I have an stream application like this one:
DataStream<MyObject> stream1 = source
.keyBy("clientip")
.flatMap(new MyFlatMapFunction())
.name("Stream1");
//...
public class MyFlatMapFunction extends RichFlatMapFunction<MyObject, MyObject> {
private transient ValueState<Boolean> valueState;
@Override
public void open(Configuration parameters)
{
StateTtlConfig ttlConfig = StateTtlConfig
.newBuilder(Time.minutes(12))
.setUpdateType(StateTtlConfig.UpdateType.OnCreateAndWrite)
.setStateVisibility(StateTtlConfig.StateVisibility.ReturnExpiredIfNotCleanedUp).cleanupInBackground()
.build();
ValueStateDescriptor<Boolean> valueStateeDescriptor = new ValueStateDescriptor<>(
"valueState",
Types.BOOLEAN);
valueStateeDescriptor.enableTimeToLive(ttlConfig);
valueState = getRuntimeContext().getState(valueState);
}
@Override
public void flatMap(MyObject myObject, Collector<MyObject> collector) throws Exception
{
// get value from value state, check if it is matched with something
// if matches some condition, then collector.collect(myObject)
// update state for each myObject
}
}
Not: there are 3 workers on different 3 machines with 16 parallelism. Total parallelism is 48.
When I am implementing this code, I have always assumed that "if ip address 1.2.3.4 matches the condition, then subsequent request from the same ip address 1.2.3.4 always matches with the condition until the state is cleared". Is this statement correct?
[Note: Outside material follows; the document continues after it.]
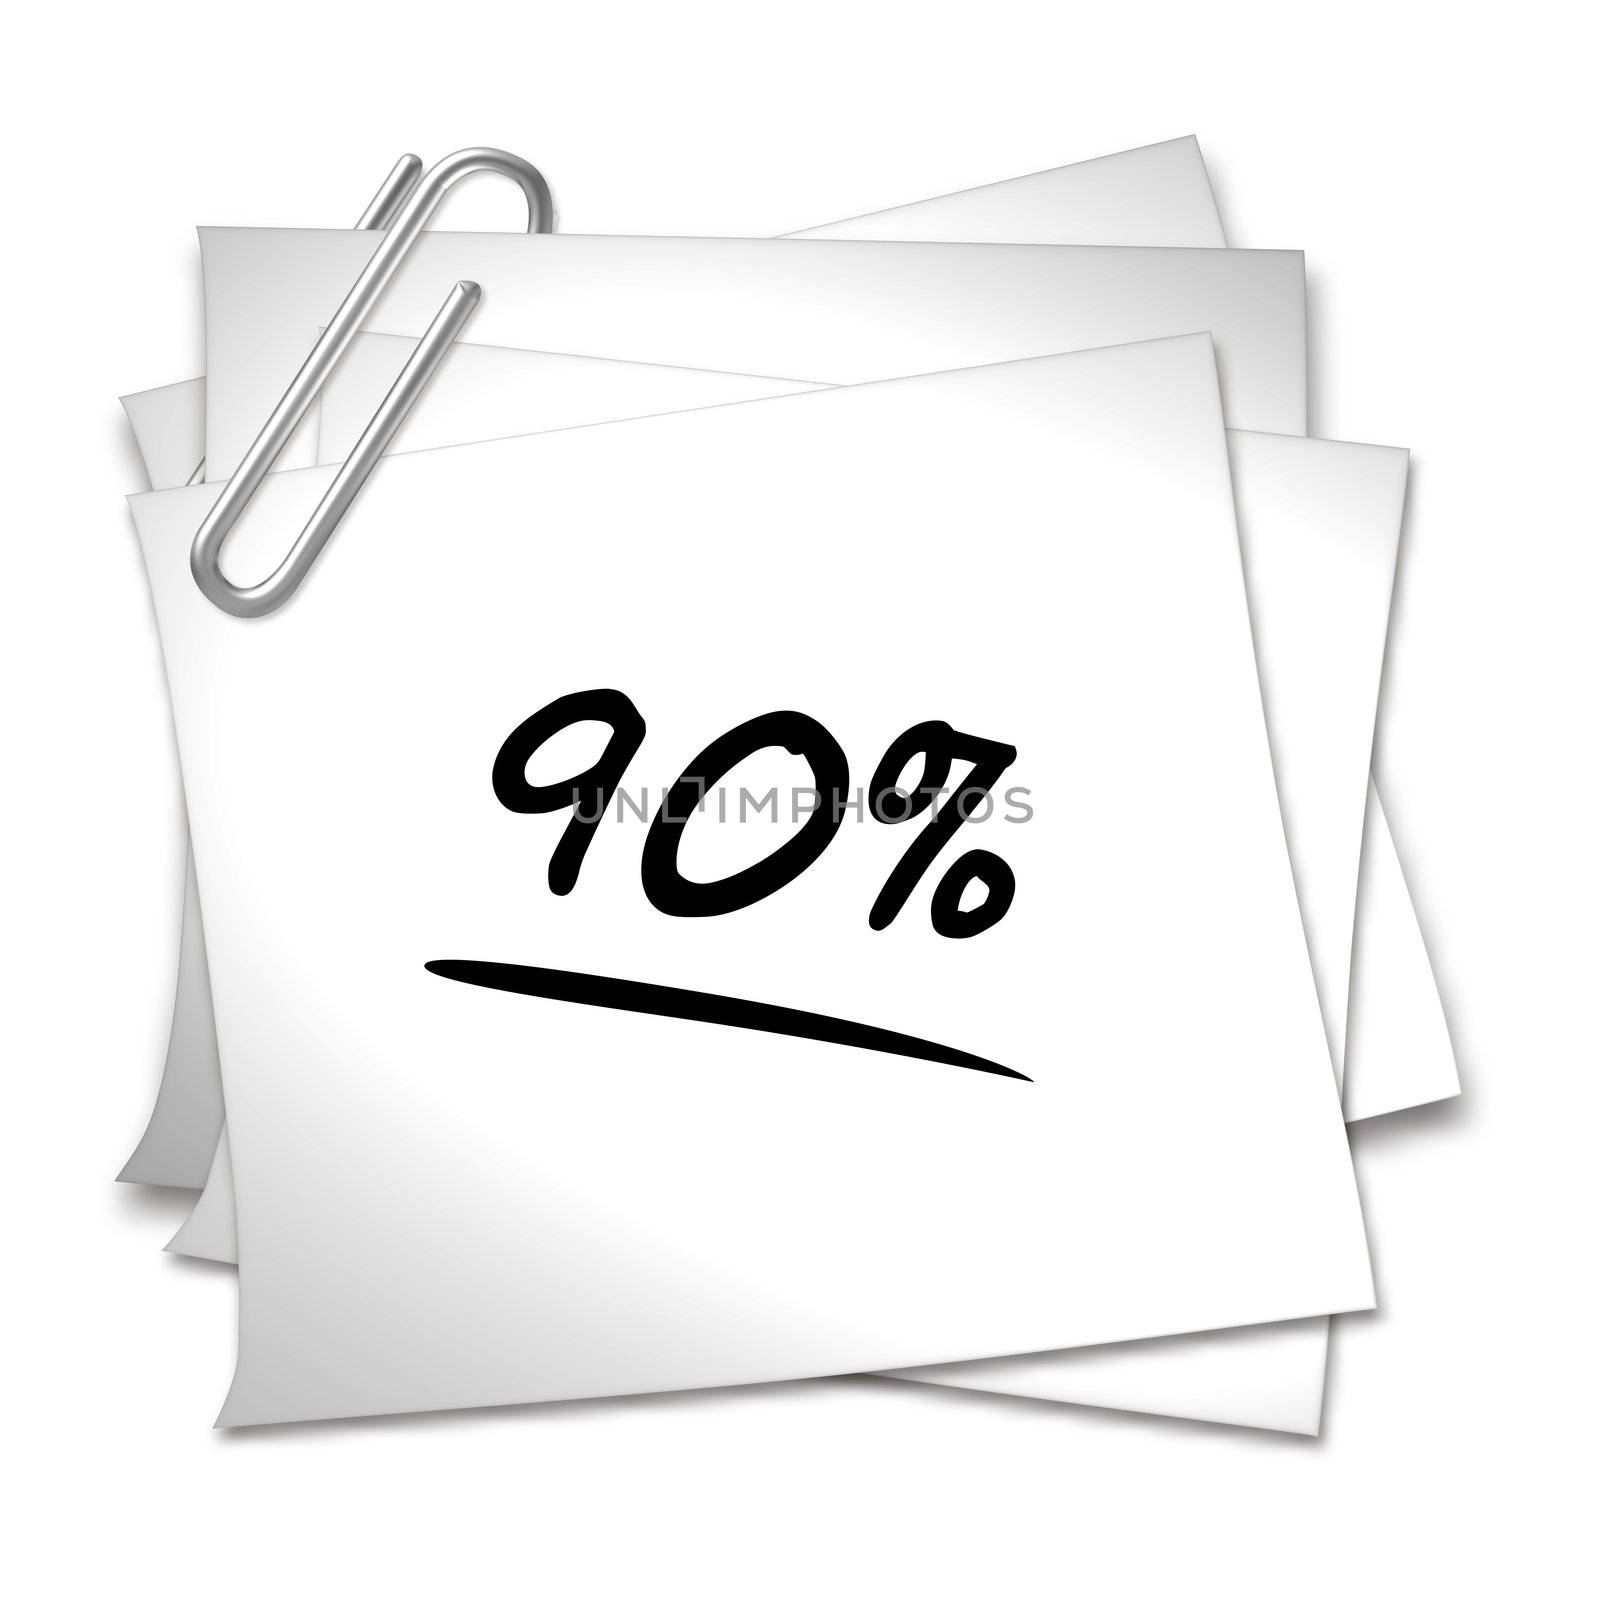 Memo with Paper Clip - 90 % by peromarketing

What I know from flink docs, if ip address 1.2.3.4 goes to the machine1 (by generating hash value of clientip), then all requests from ip address 1.2.3.4 always goes to the machine1?
open()
method is called once inside the taskmanager jvm. Therefore flink creates 48 instances of flatMapOperation(1-15 of 48 resides in machine1, 16-32 of 48 resides in machine2, 33-48 of 48 resides in machine3) and each flatMapInstance will run open method. That means 48 runs for open method?
At the end, all of 48 instances access the same state, but different values (because state is local). I mean, one portion instance group (let's say 16 instances on machine 1) will get the same state value.
Lastly, if there was no keyBy before FlatMap, then request from ip address 1.2.3.4 could go the machine1, machine2 or machine3 in a random manner?